Monday, October 08, 2007

Abortion and health insurance

I must say I don't understand the abortion controversy. Or rather, I don't understand how it is playing out in the political arena. There seem to be three groups on this issue.

1) Pro-lifers. Abortion sucks. It is wrong, and in fact is every bit as wrong as choking a 3-year-old to death. We ought to prevent abortions in any way possible, including the use of the long arm of the criminal law.

2) Abortion sucks. But it may not be as wrong as choking a 3-year-old to death. The loss of a fetus is a tragic loss, but not on the scale of the loss of a born baby. However, we should keep the long arm of the criminal law out of it, since this would involve an inappropriate interference in the doctor-patient relationship.

3) Abortion doesn't suck at all. It's like removing a blob of tissue.

Now in my life I have gone back and forth between 1 and 2. But it seems odd. Surely the 1s and the 2s outnumber the 3s. Shouldn't these two sides work together to find public policies that will discourage abortion? Do pro-lifer political leaders prefer passing ideological litmus tests to preventing real abortions.

Now consider two possible futures.

1) Roe v. Wade is overturned, but we never achieve universal health insurance coverage for all children.

2) Roe is never overturned, but universal health insurance is assured for every child.

In which world, do you think, there will be fewer abortions? Remember that overturning Roe will not make any abortions illegal. It may prevent two abortions in Mississippi, but that is about all.
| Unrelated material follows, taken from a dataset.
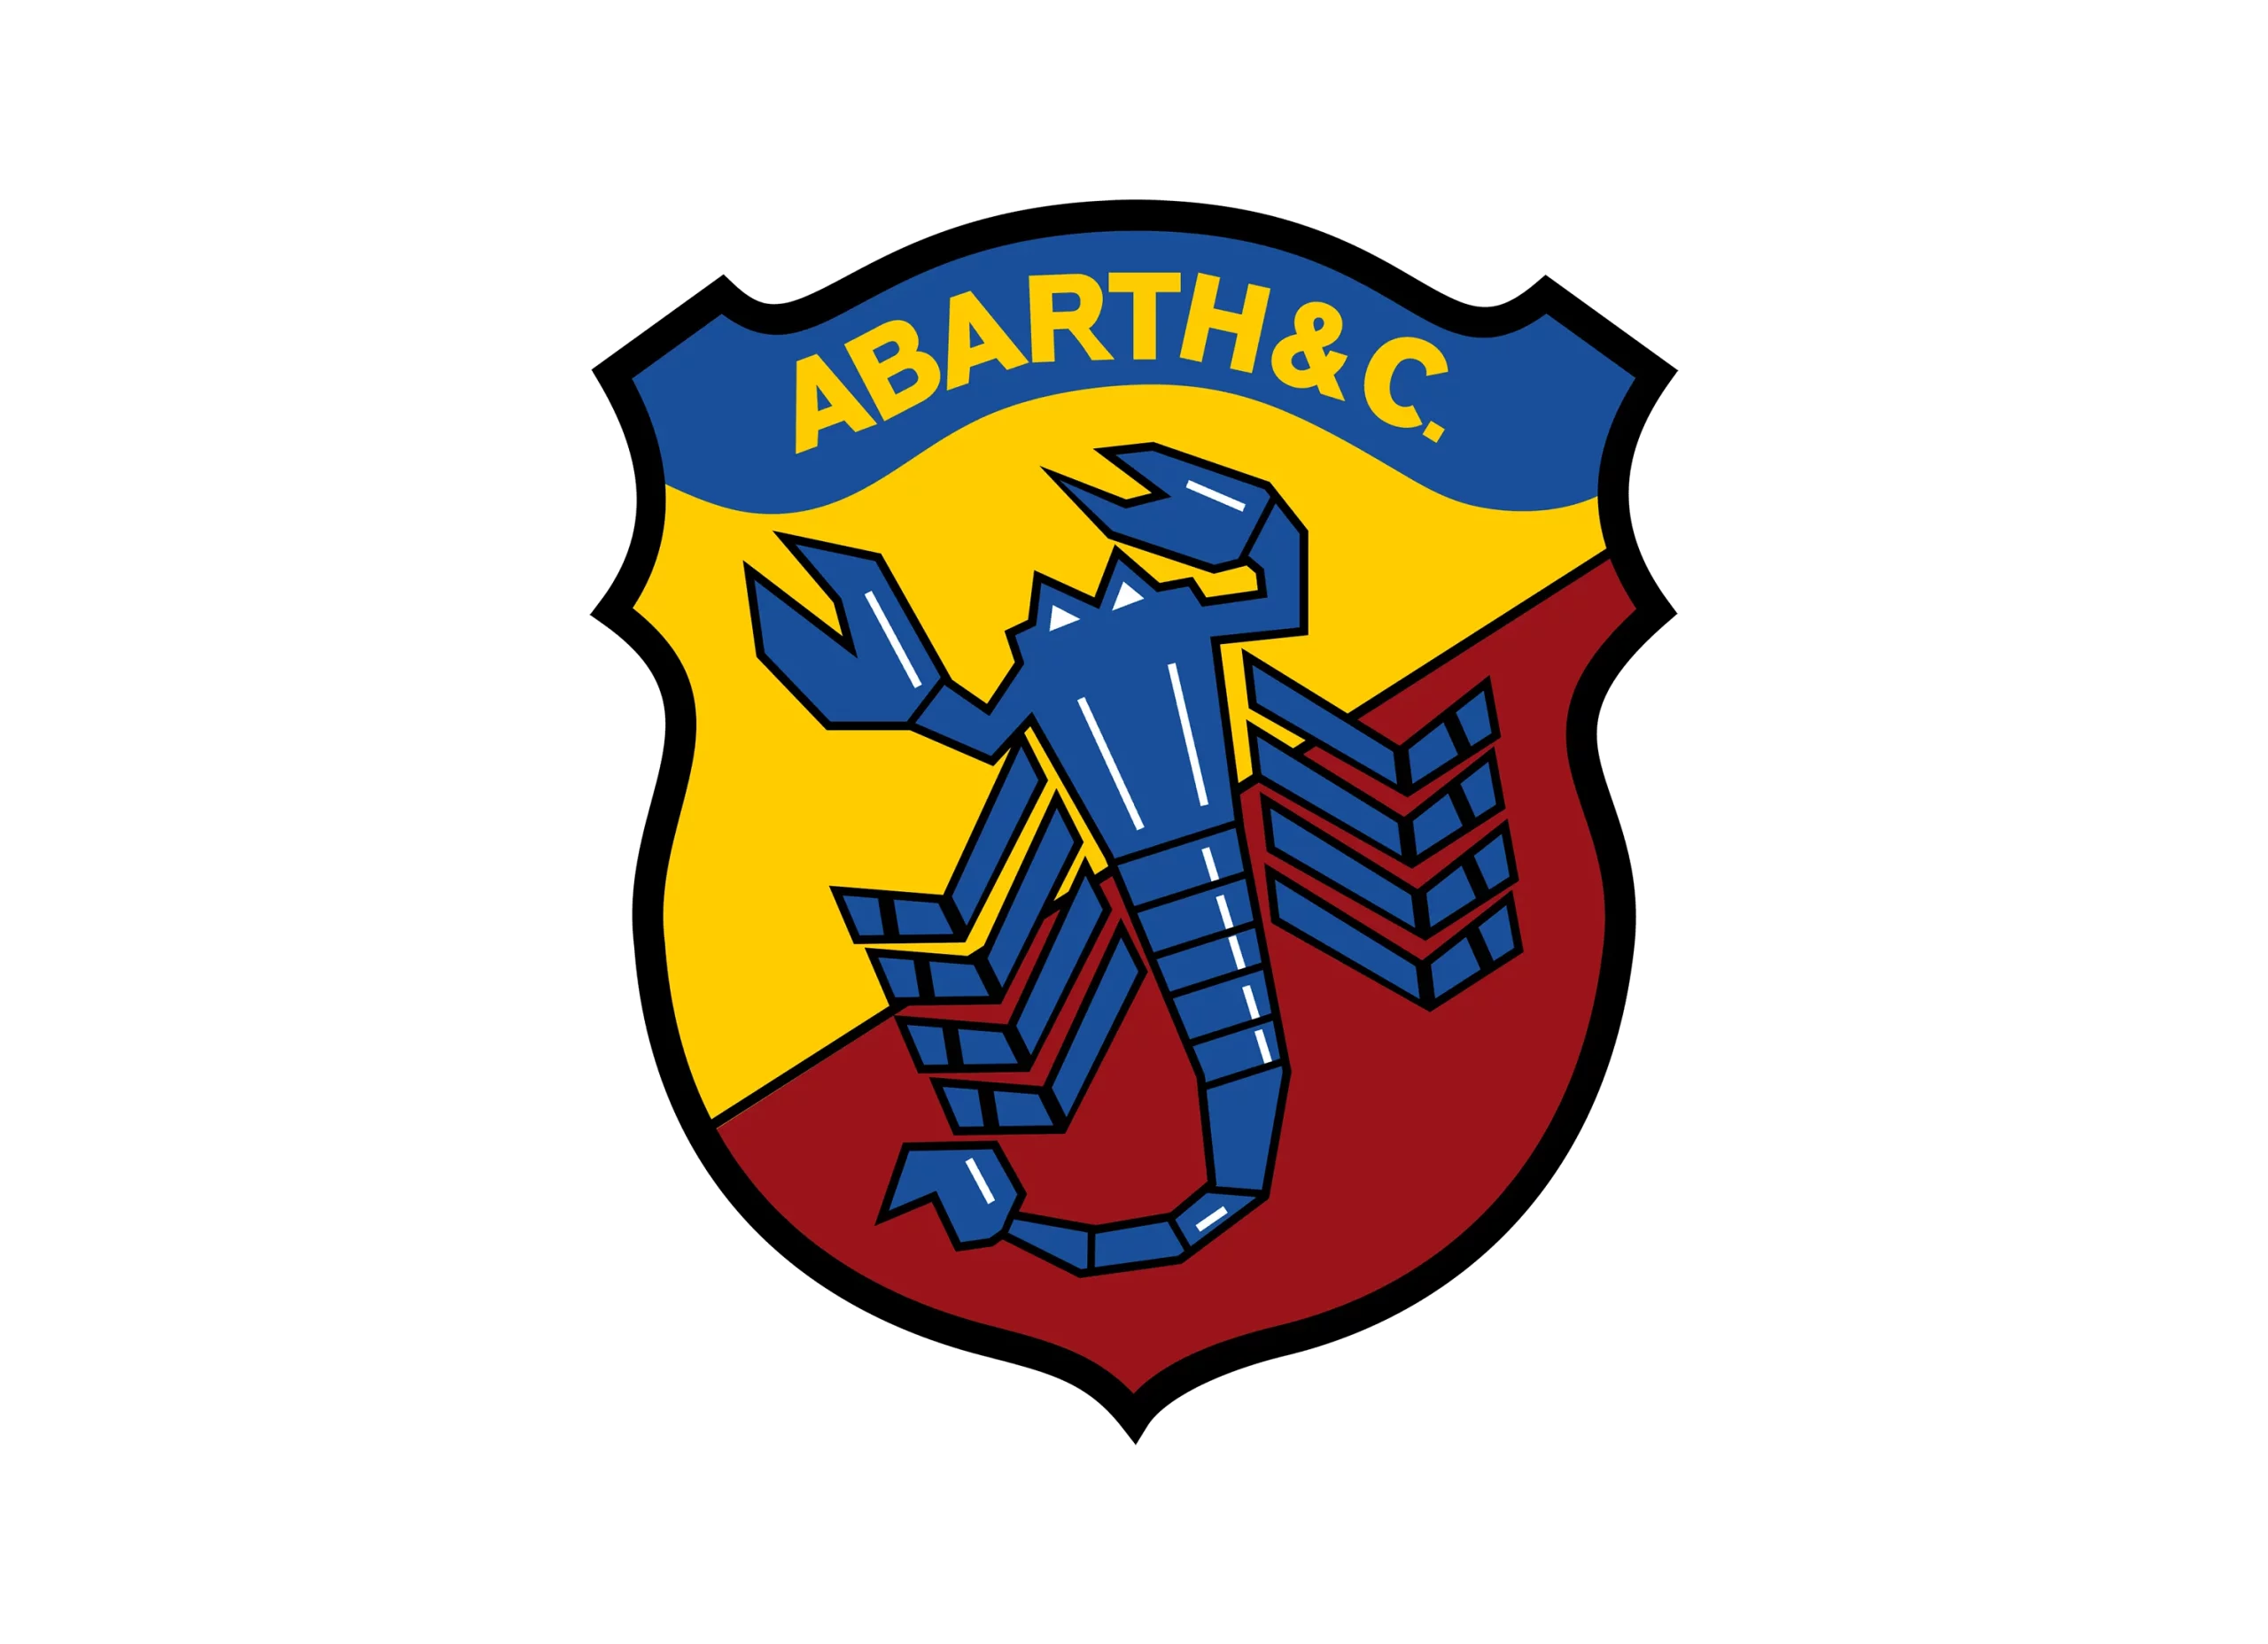 Abarth logo 1958

Since abortions are far less expensive than taking care of children, isn't it likely that universal health care for children will result in fewer abortions than overturning Roe?

2 comments:

Sturgeon's Lawyer said...

It seems clear to me that a future with some kind of health insurance for all children (or even all people) is more likely to lower abortion rates ...

... just as, historically, abortion rates have gone up during administrations that advocated cutting social programs, and down during administrations that promoted them. I probably lean more left than I would like to admit, but I am no partisan; I only observe that one thing seems to have the desired result and the other does not.

It is my sincere belief that, just as some of the loudest anti-gay politicians are secretly gay, many of the loudest pro-life politicians secretly do not give a flyspeck for the sacredness of life, and do not want to see abortion made illegal, as it would deprive them of a key issue.

Jason Pratt said...

I can't believe I'm about to comment on this... {g} But:

At the time RvW was passed, all states had at least some limits on abortion; the point to RvW (and an equally important case soon afterward whose name I've forgotten) was that it was unconstitutional for states to make laws regarding any limits on abortion.

If RvW goes down, then either laws currently on the books but currently void will be enforced again, or else laws struck down in the meanwhile will be legal for drafting again.

The upshot is that it's somewhat overstating the case to say that taking down RvW will make a totally negligant difference in the number of abortions: mothers will (in all likelihood) be again required on a state by state basis to have an abortion early or not at all, if they insist on having one. That's where things were before RvW, and where things generally are in other civilized nations (even highly secular ones). If there is any evidence that the number of abortions per capita has _not_ significantly increased post Roe, all I can say is that I'm not personally aware of such studies, and the impression I get from everyone (pro and con) goes the other direction.

It is of course possible that the full abortion lobbyists may succeed on a state by state basis in convincing voters to allow full range of abortions. But that'll be up to voters in each state, which is how the laws originally got on the books anyway--and how they could be taken off again if the lobbyists win a majority opinion.

Much of the full abortion lobbyist position is built on using full abortion as a rhetorical prop for promoting other ideological issues, though; and I think polls have demonstrated since the time of the ruling (not to say before then!) that the popular majority is strongly in favor of at least _some_ serious limitations on abortions. Between these two facts, the lobbyists will have an uphill battle, I think.

This is completely aside from universal health care for children, which I'm inclined to support so long as a workable system can be put in place for it. Which I'm slightly dubious about, at this time, but I agree it's something worth working toward.